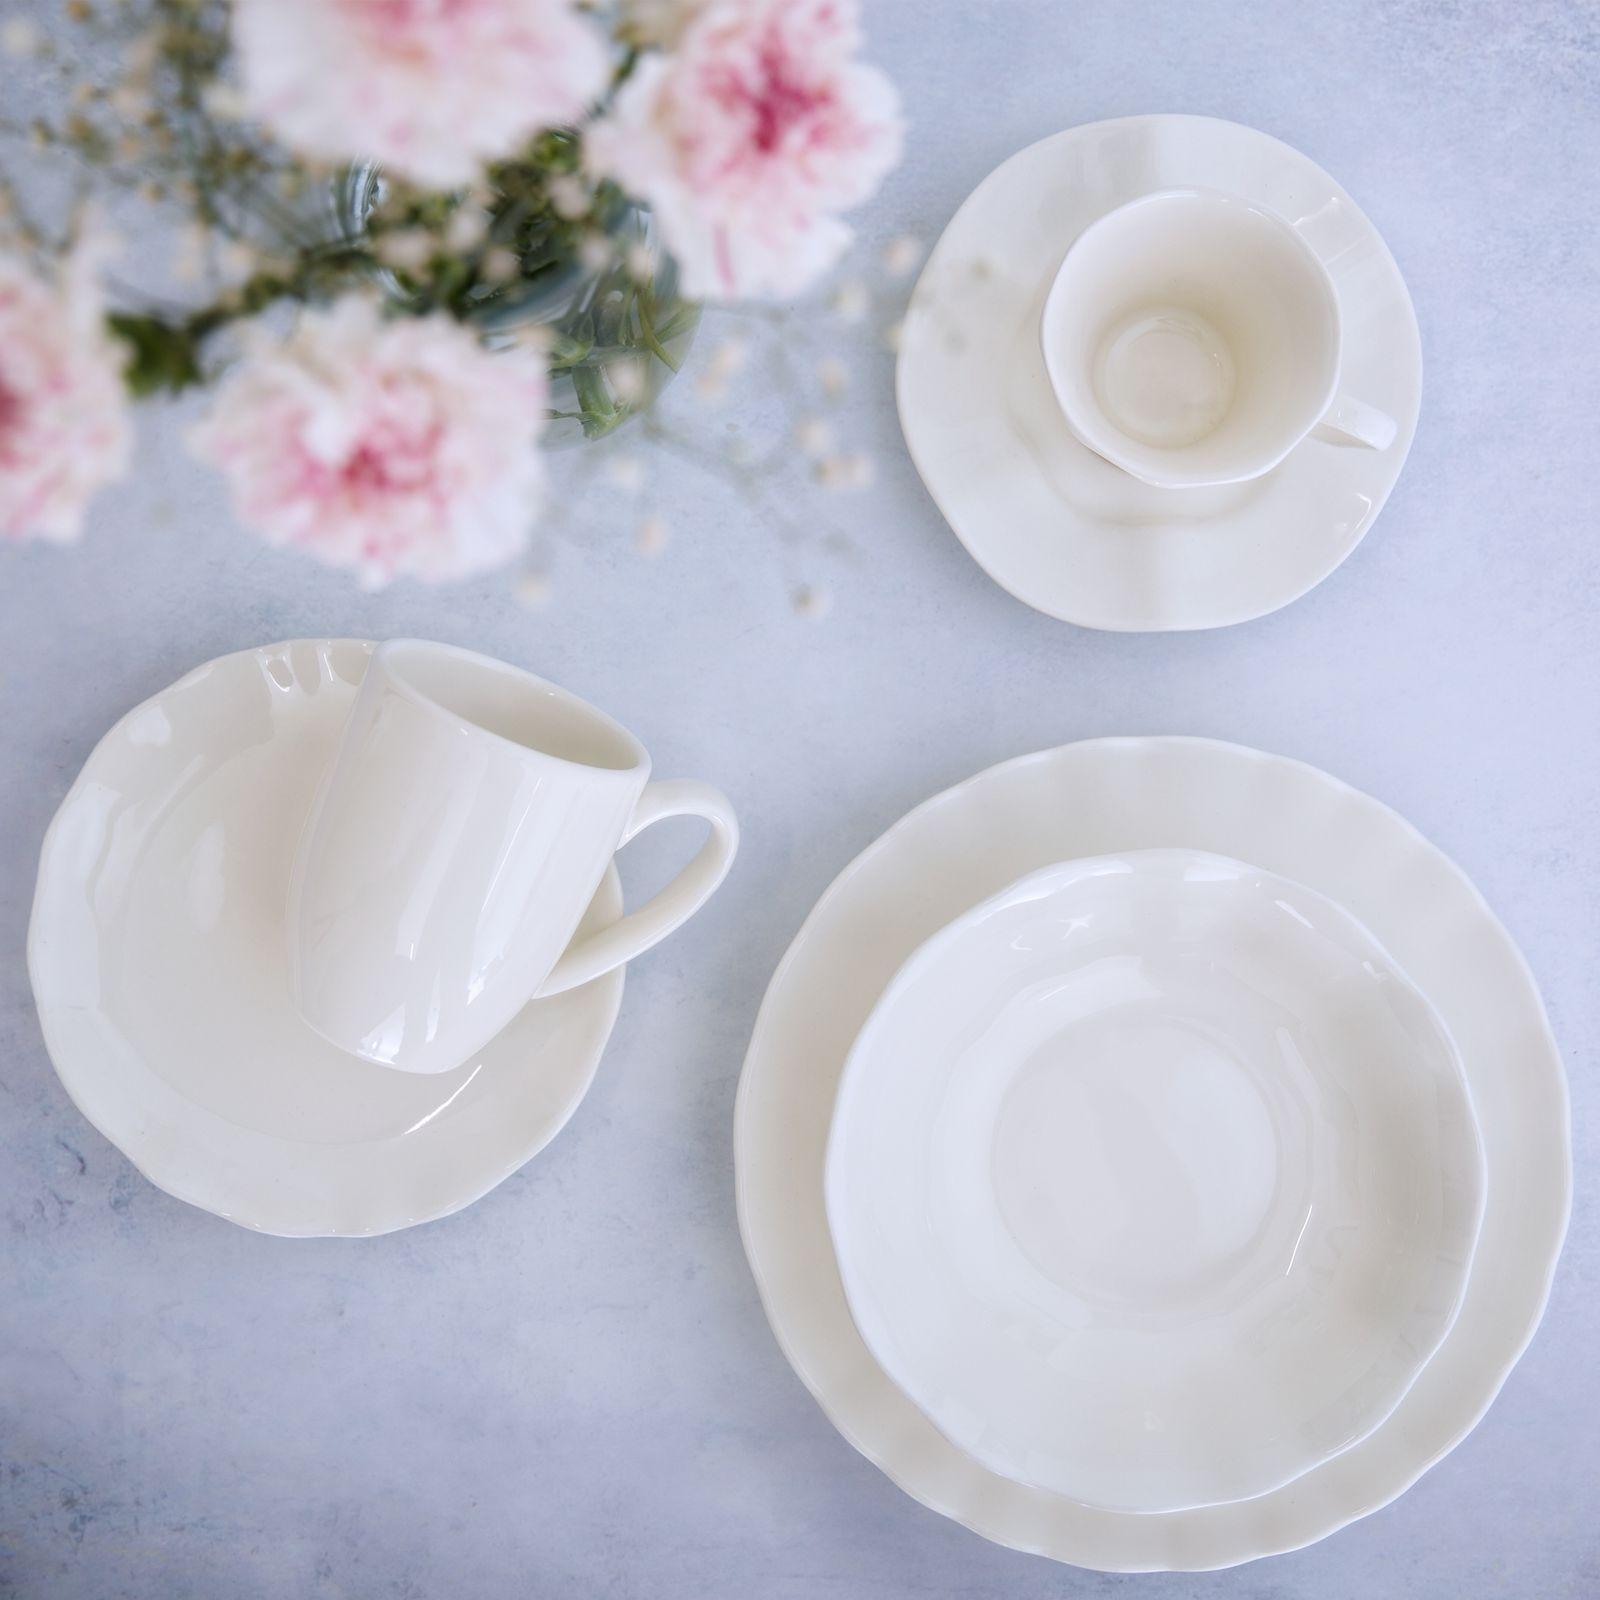 Servis Diana Rustic Cream 36 delar AMBITION
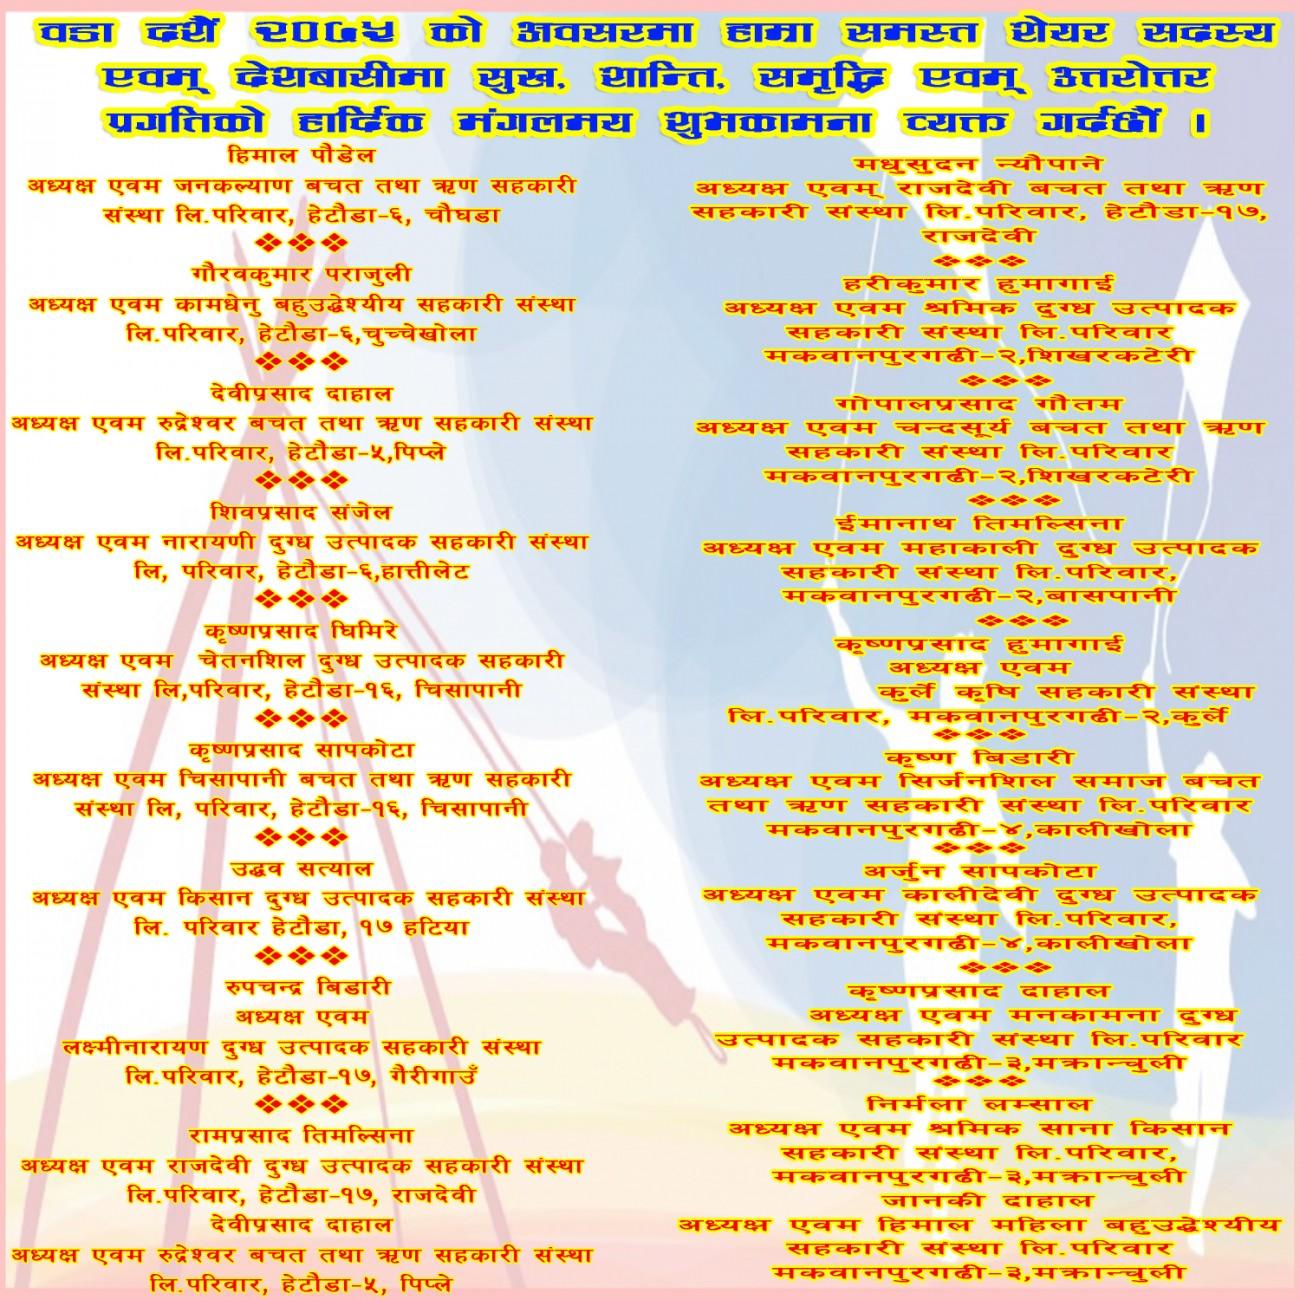 Dashain2-1539843768.jpg
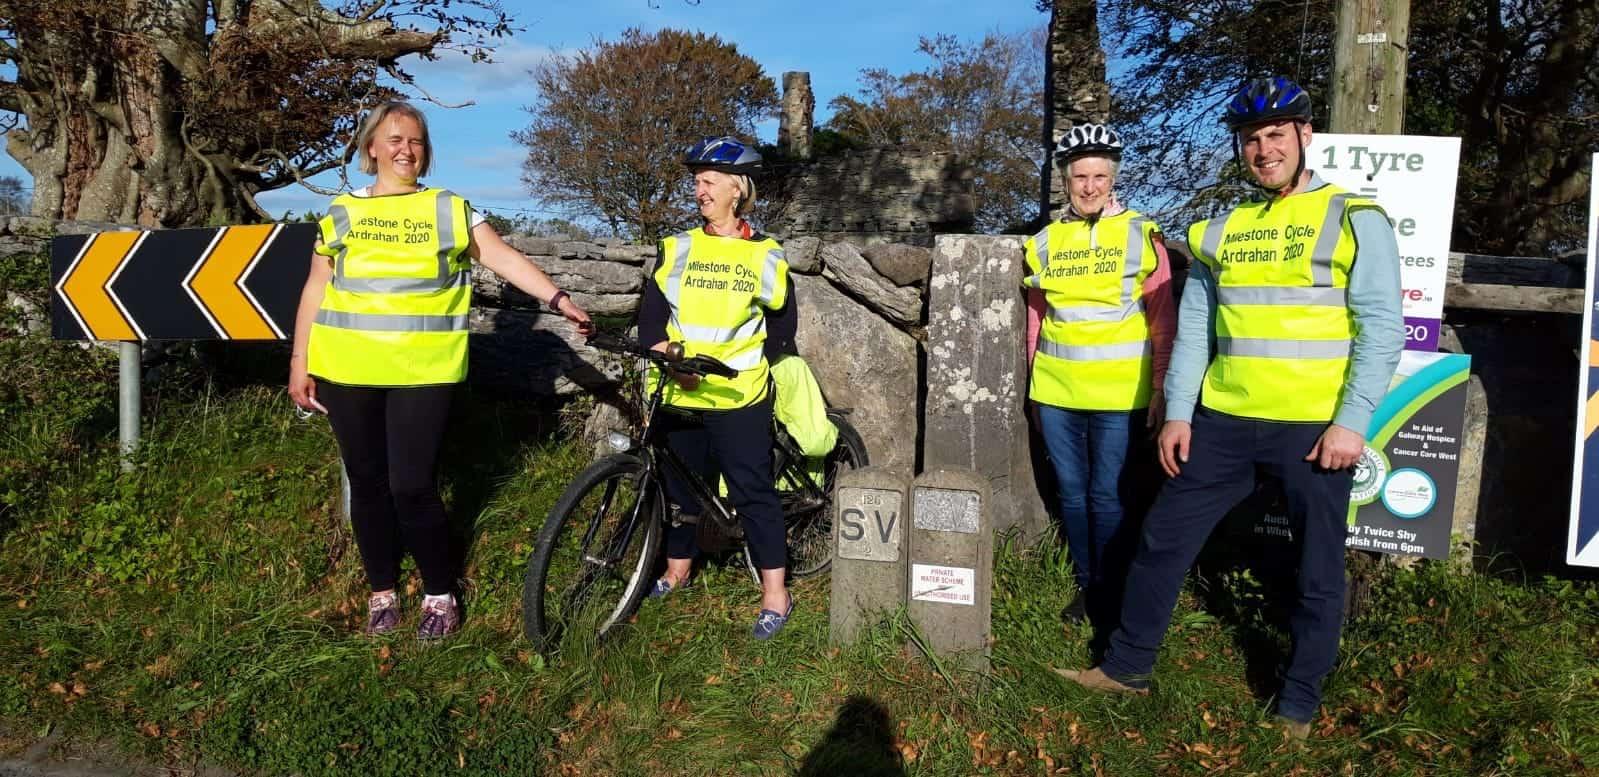 Ardrahan Cycle Committee
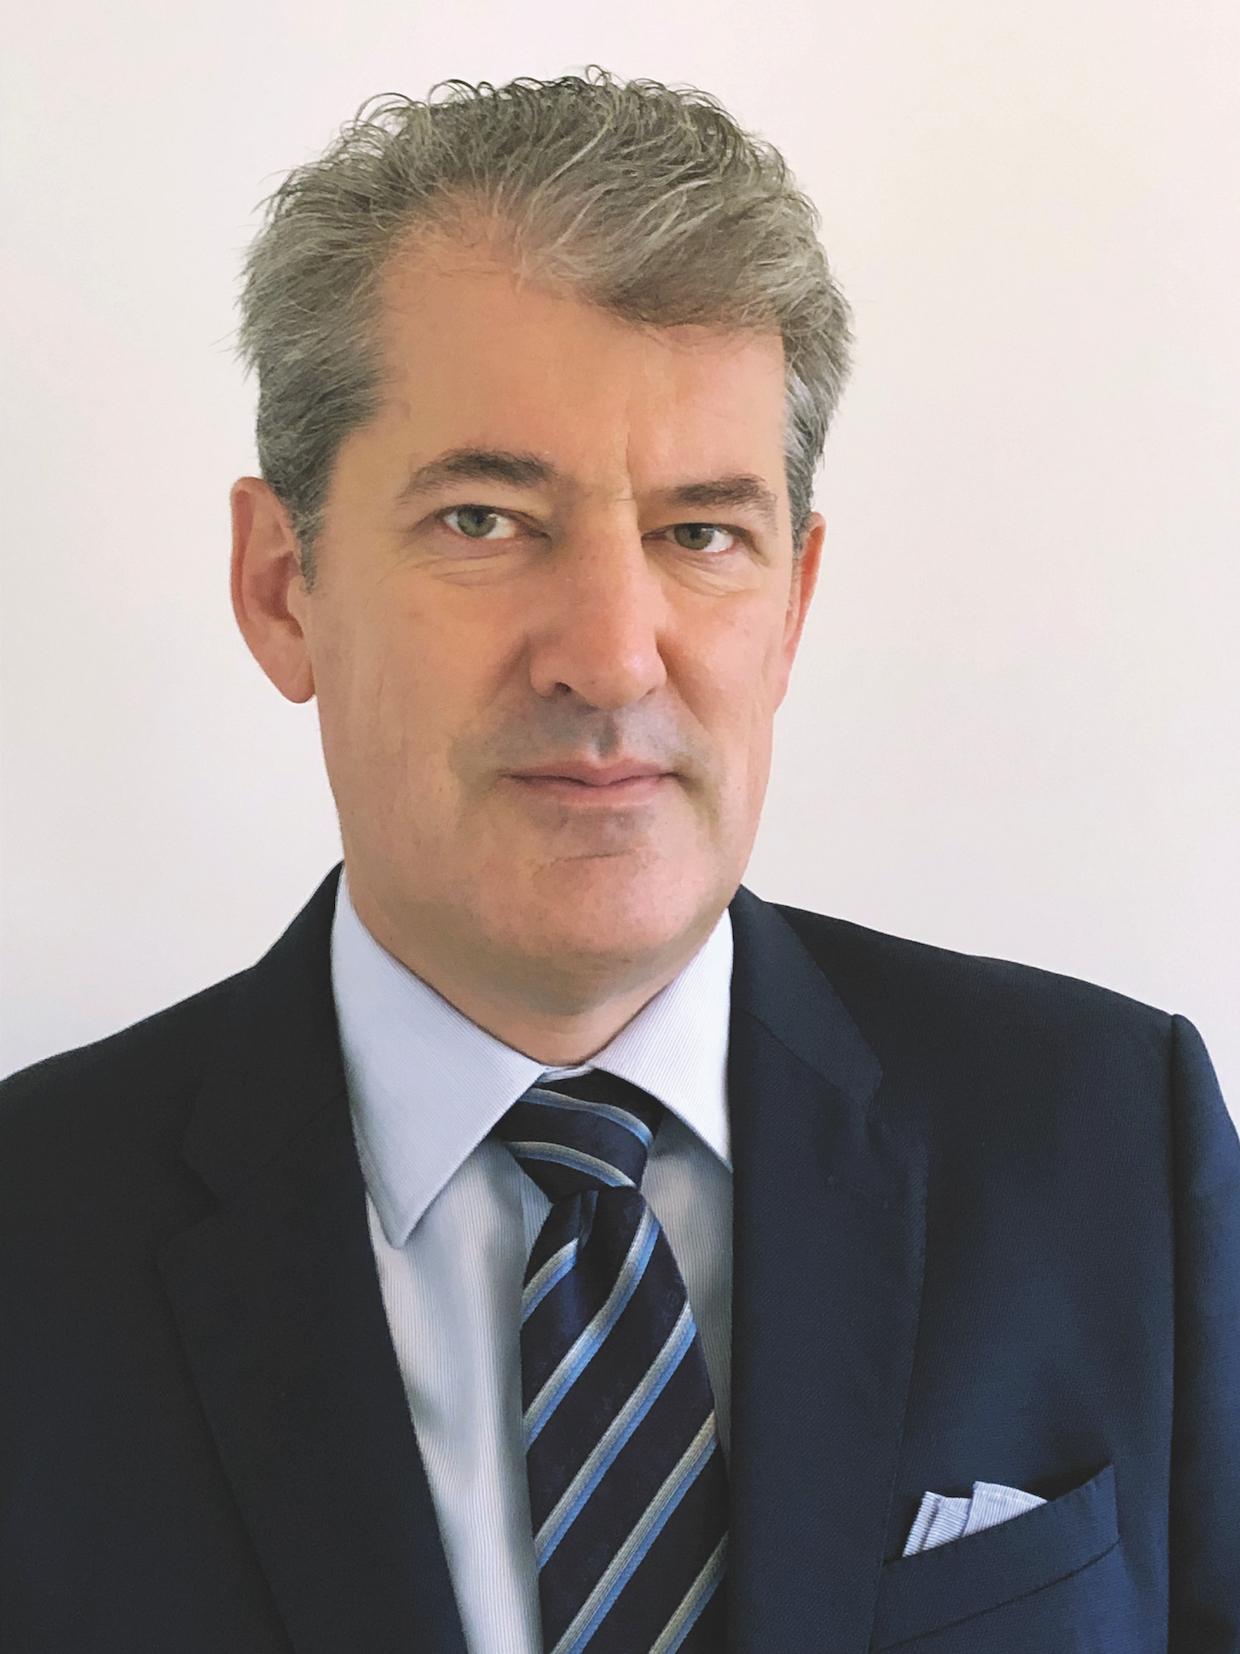 Marco Zancolo

#####

**Task prompt**
All that should be printed is the lines from the one containing "Dashain2-1539843768.jpg" through the last line of the material above, both ends included, exactly as they stand; please skip the pictures.

**Solution**
 Dashain2-1539843768.jpg
 Ardrahan Cycle Committee
 Marco Zancolo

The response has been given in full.